Regulation always comes with a cost. The more you regulate something, the more expensive it must become.
Yes, I’m leading in to a discussion about financial advice.
I think we’re watching a turning point in the industry. It’s not going to be as positive or smooth overall as lawmakers believe. There will be adverse consequences for many, not just the thousands of advisers who will quit the industry, but the tens of thousands of clients who won’t get to enter it.
I’ve been saying the following for a while. My problem with the changes being made to the finance sector in recent years is summed up by the following:
We’re witnessing old rich white guys making rules to suit old rich white guys.
What the likes of Royal Commissioner Kenneth Hayne would like to see is a utopia for financial advice. Every client pays an hourly rate or set price to get advice that is of an excellent quality, conflict-free, from highly educated practitioners.
Who could argue that isn’t what the industry should be about?
But how much is advice under that utopian system going to cost?
It doesn’t matter to old rich guys. They can afford to pay it. And they will, because they’ll benefit from it. But, sadly, they believe that what works best for them is what should apply to everyone.
They can also afford to update to new European cars every couple of years. Should we all be forced to do that too?
Rich old guys could afford to pay an upfront fee of $5000 or more to a mortgage broker to get them the best loan on their home worth $3 million, because it’s a poofteenth of the overall transaction, or benefit, to them.
But could a newlywed couple, with a bun in the oven, earning below average wages, pay the same fee for a $350,000 loan on a $450,000 property?
Rich old guys would be happy to pay a financial adviser $250-$800 an hour, because they potentially stand to make tens of thousands of dollars and/or save that in tax.
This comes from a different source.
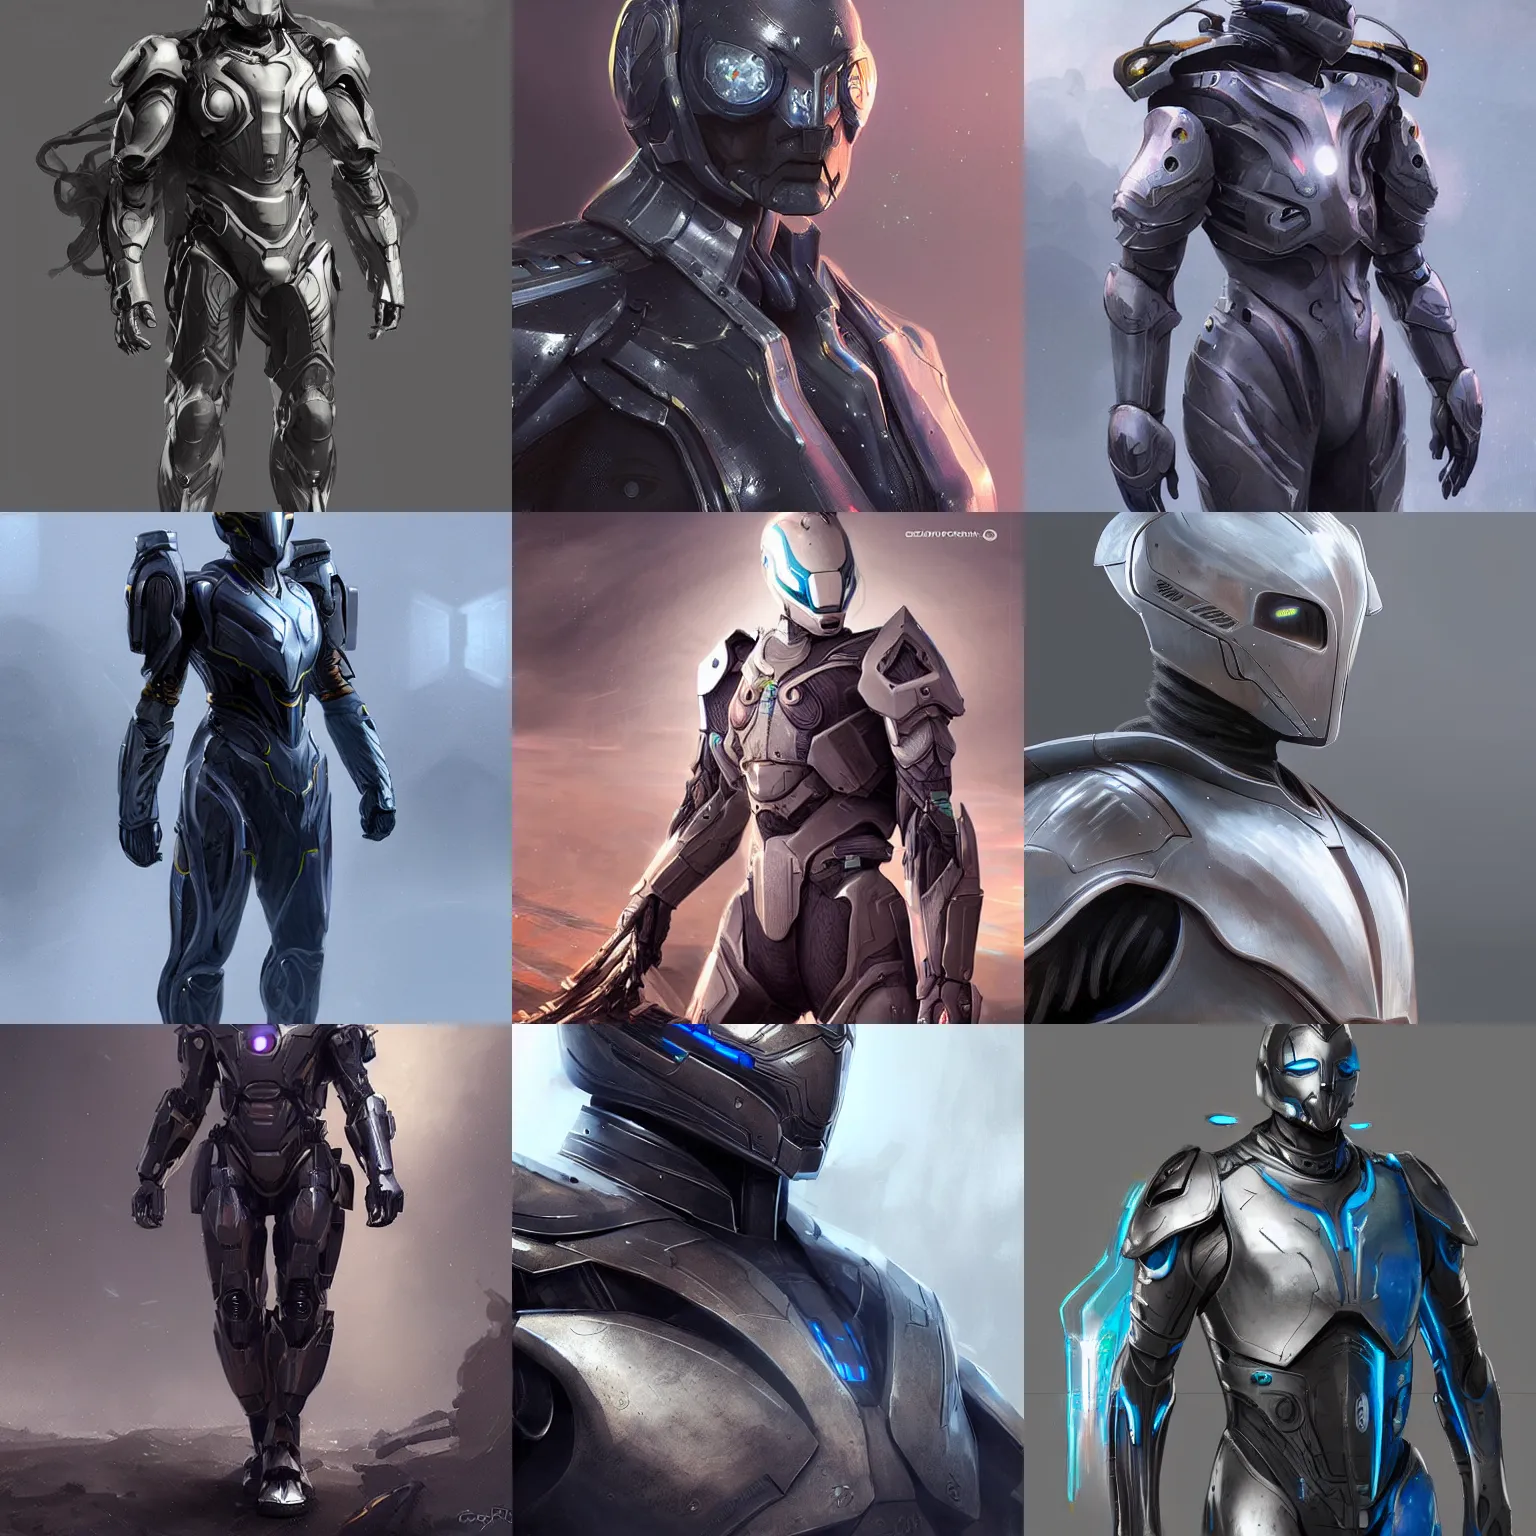 Prompt: mystical sci-fi super hero armor suit, hyper realistic, 4k, detailed concept art by Cedric Peyravernay

But can the young couple afford even the lower end of the scale for help with their insurance, super, salary sacrificing, budgeting and their first investments?
Let’s move the focus a little.
Why do the wealthy always seem to win the big legal battles, or seem to be able to operate on the edges of the law? Because they can afford to pay the best lawyers huge sums of money to fight their legal battles.
Who cares about dropping $50,000-$100,000 in legal fees, if you stand to make/save $1 million?
Why haven’t you hired good lawyers to defend you at times when you might have needed it? Because the cost of hiring lawyers, for your battle, versus the potential benefit might be touch and go.
I’m not trying to compare financial advisers to lawyers. But the average cost of financial advice is certainly going up, markedly, in the next five years, as the industry faces increasing regulation, in areas such as minimum education standards, disclosure and reporting requirements and removing conflicted remuneration.
The wealthy will continue to be able to afford the advice and benefit from it.
Many Australians will stop getting advice, because the cost has increased, but the benefit hasn’t.
We’re about half-way through a decade of exponential growth in regulatory requirements.
Will the average advice being offered by the industry improve? Yes. Will the best interests of consumers be better protected under the changes? Certainly.
But at what price? At the end of this process, is the affordability bar for financial advice going to be lifted so that it goes out of reach for another 10 or 20 per cent of Australians?
Each of the changes, individually, are unarguable – the Future of Financial Advice reforms, higher education requirements, best interest duties, banning conflicted remuneration, lowering insurance commissions and increasing reporting and disclosure.
They are good things. But I fear a national outbreak of zits.